- **Problem description**:
Reproduce each line from the first in the data through the line that contains "The renewal of" exactly; give nothing else.
===== Material provided
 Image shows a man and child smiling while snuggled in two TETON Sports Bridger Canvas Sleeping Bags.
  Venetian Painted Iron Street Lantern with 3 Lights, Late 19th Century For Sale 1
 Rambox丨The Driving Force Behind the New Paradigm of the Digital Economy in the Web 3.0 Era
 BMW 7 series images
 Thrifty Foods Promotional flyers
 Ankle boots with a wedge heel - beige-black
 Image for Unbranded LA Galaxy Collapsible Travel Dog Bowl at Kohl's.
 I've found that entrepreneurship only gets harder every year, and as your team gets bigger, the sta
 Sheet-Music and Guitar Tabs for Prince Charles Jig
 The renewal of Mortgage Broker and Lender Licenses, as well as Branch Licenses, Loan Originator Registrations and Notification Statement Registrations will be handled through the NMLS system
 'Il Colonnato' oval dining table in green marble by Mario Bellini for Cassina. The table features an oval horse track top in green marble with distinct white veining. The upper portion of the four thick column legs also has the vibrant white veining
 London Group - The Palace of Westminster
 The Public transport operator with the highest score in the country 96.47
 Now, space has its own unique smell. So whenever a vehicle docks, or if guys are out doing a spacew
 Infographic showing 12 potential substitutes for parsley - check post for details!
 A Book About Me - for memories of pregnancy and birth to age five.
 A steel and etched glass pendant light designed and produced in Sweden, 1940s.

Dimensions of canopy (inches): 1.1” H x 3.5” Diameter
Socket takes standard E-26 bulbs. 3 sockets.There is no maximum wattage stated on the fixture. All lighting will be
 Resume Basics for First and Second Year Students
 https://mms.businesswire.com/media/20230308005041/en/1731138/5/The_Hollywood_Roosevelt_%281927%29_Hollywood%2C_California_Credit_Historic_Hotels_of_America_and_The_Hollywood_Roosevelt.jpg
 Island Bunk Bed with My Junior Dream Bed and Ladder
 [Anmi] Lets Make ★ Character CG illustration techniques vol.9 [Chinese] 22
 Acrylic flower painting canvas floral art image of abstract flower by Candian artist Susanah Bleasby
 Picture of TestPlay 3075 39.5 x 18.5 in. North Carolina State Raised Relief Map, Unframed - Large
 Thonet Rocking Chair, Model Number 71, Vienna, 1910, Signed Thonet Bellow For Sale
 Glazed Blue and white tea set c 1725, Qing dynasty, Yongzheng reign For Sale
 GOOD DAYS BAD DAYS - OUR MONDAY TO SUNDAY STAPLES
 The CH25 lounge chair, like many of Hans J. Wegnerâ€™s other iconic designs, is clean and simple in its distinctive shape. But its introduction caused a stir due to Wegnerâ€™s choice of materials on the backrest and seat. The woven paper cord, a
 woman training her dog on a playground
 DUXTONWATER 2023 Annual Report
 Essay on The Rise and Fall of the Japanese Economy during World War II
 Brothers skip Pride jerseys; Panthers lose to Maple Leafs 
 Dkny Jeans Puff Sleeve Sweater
==========
- **Result for this exercise**:
 Image shows a man and child smiling while snuggled in two TETON Sports Bridger Canvas Sleeping Bags.
  Venetian Painted Iron Street Lantern with 3 Lights, Late 19th Century For Sale 1
 Rambox丨The Driving Force Behind the New Paradigm of the Digital Economy in the Web 3.0 Era
 BMW 7 series images
 Thrifty Foods Promotional flyers
 Ankle boots with a wedge heel - beige-black
 Image for Unbranded LA Galaxy Collapsible Travel Dog Bowl at Kohl's.
 I've found that entrepreneurship only gets harder every year, and as your team gets bigger, the sta
 Sheet-Music and Guitar Tabs for Prince Charles Jig
 The renewal of Mortgage Broker and Lender Licenses, as well as Branch Licenses, Loan Originator Registrations and Notification Statement Registrations will be handled through the NMLS system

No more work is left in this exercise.